By looking carefully at the humour in your failed comic plan, you can learn more about which types of humour you are best at writing. Even if you learn which types of jokes don’t work for you, then you’ll at least know a little bit more about your comedy writing style.

2) Comics as a whole: One of the problems with my failed planned mini series was the fact that, although there was a lot of character-based humour in it, the amount of character interaction was fairly low.

In other words, many of the planned comics only contained one of the series’ four main characters – meaning that all of the comedic techniques that can be used with two or more characters couldn’t be used that often in this comic.

By carefully looking at your failed plans as a whole, you can learn a lot of general things about making comics. After all, your plans have failed for a reason. If you can find that reason, then you can learn something new about making comics.

3) Your limits: I had initially thought of this failed mini series as something quick that I could make in a single weekend. After all, I would be making parodies of pre-existing things – what could be easier? That was the theory, at least.

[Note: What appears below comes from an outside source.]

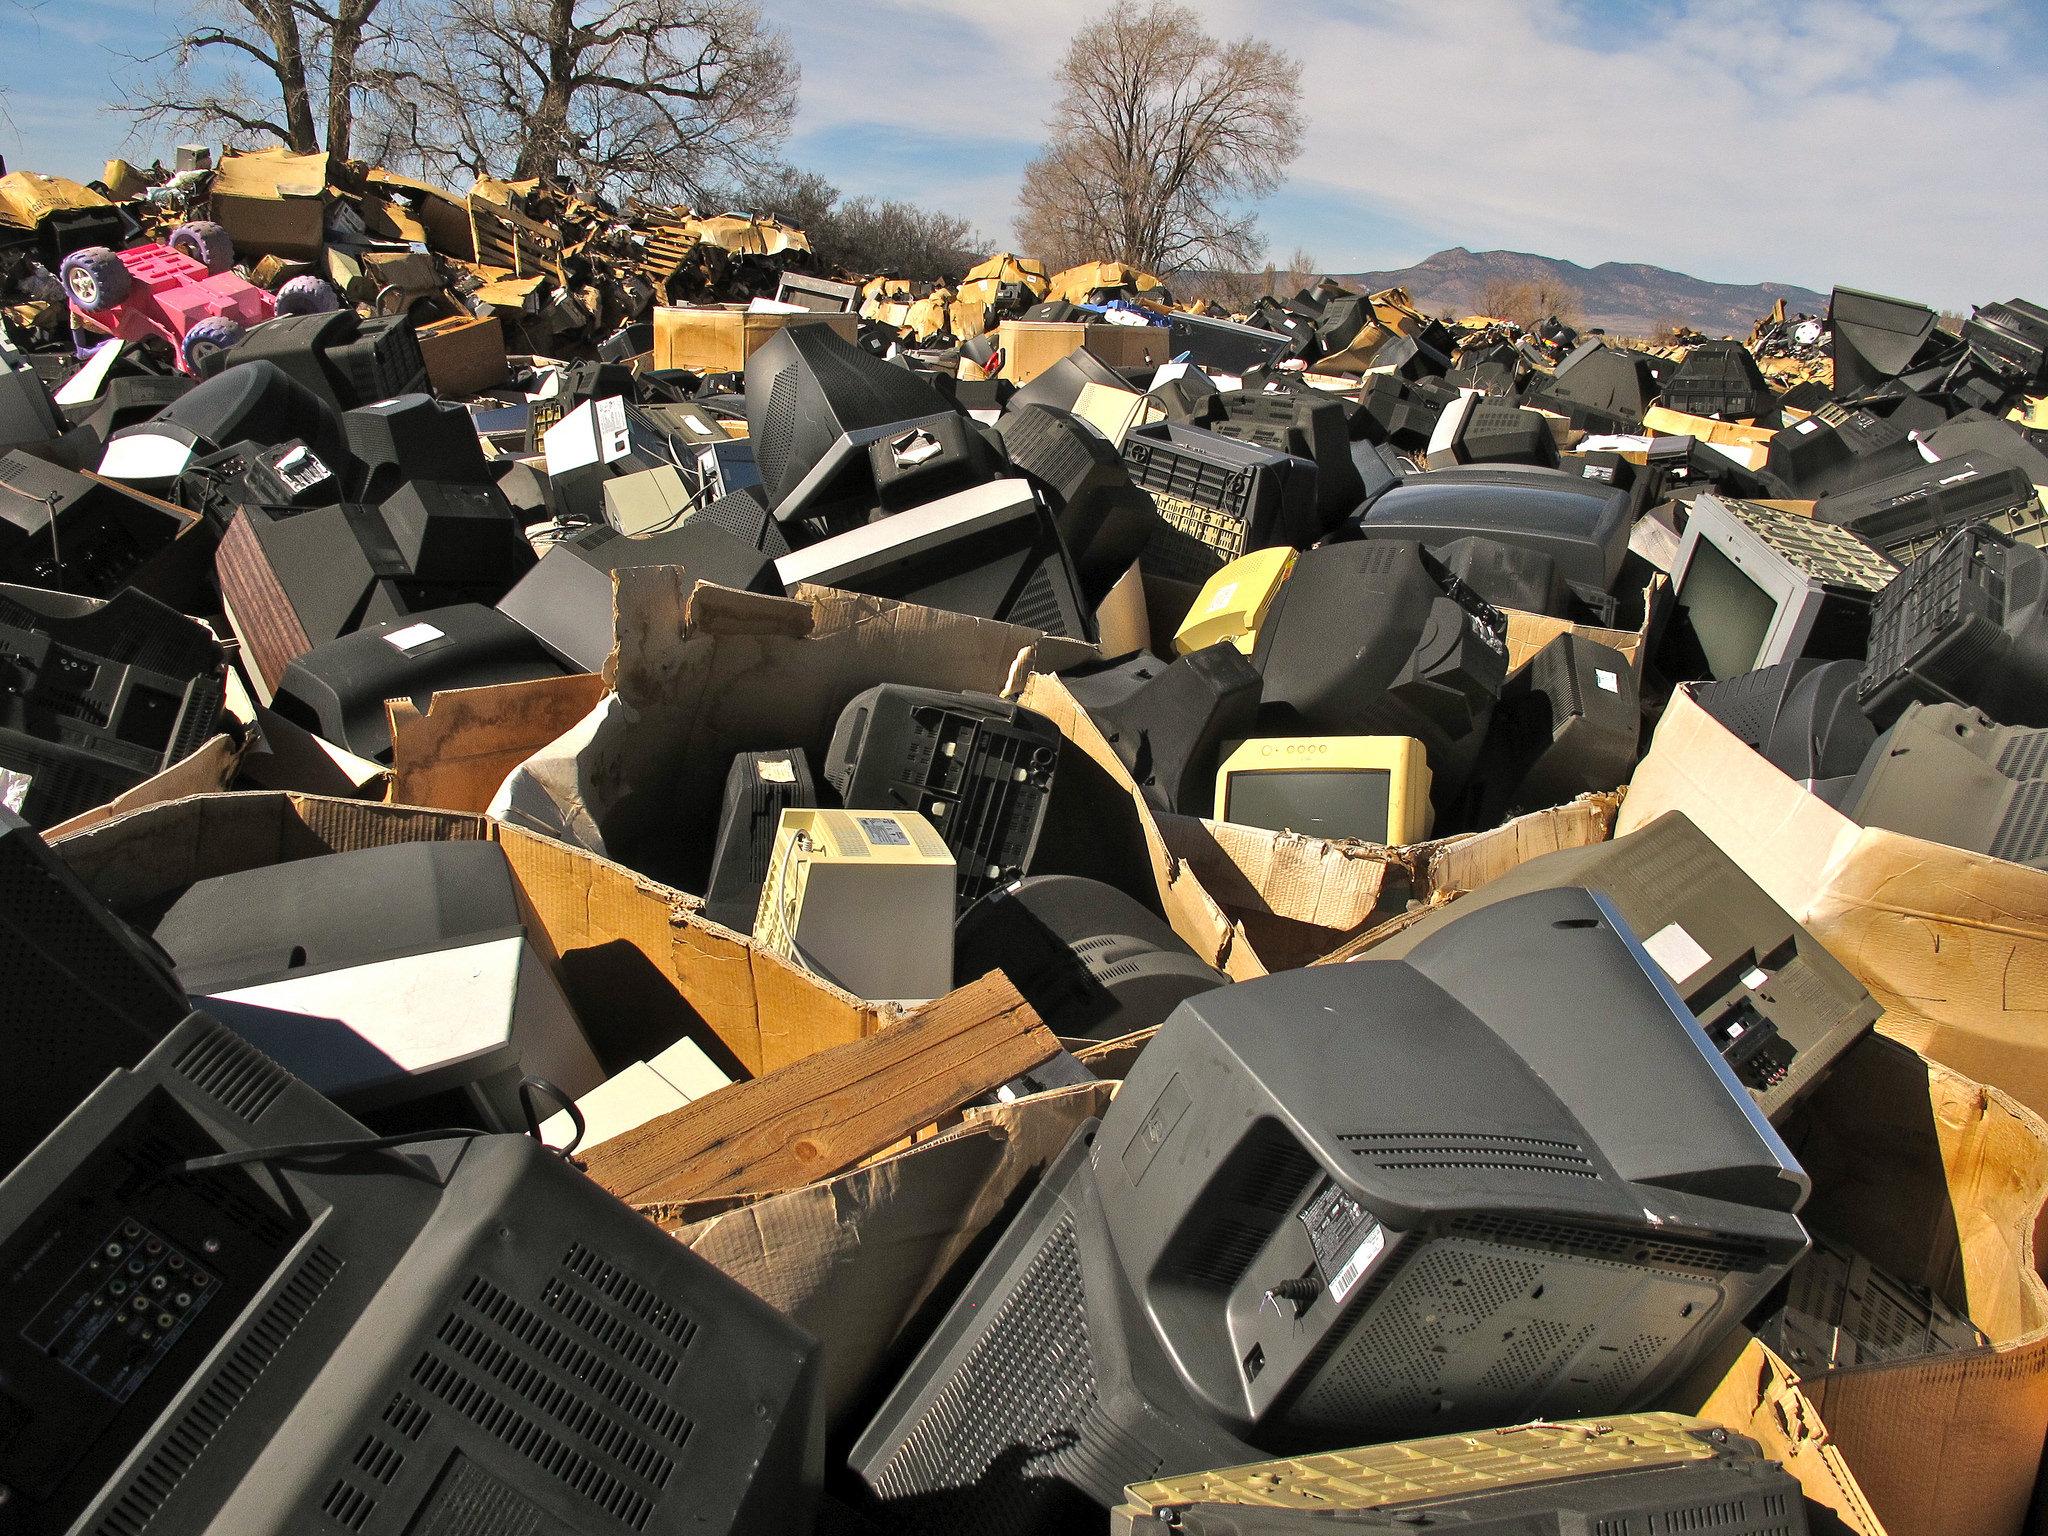 BAN investigators found dumped TV monitors in Utah in 2014

It was only a little while later that I realised that this comic series would mean learning how to draw at least 5-10 celebrities and/or fictional characters. It would mean making numerous practice sketches and looking at numerous reference photos. Not only that, there was a good chance that at least one or two of the celebrities/characters that I would have had to draw would probably be difficult to work out how to draw in my own stylised art style (there’s no rhyme or reason to this, some people are just difficult to draw – I mean, it’s why I barely made any political cartoons when David Cameron was prime minister, because I just couldn’t work out how to draw him).

So, yes, failed comic plans can be a great way to see your own limitations and to either find ways to work around them (by changing your plans) or to find other projects that play to your strengths.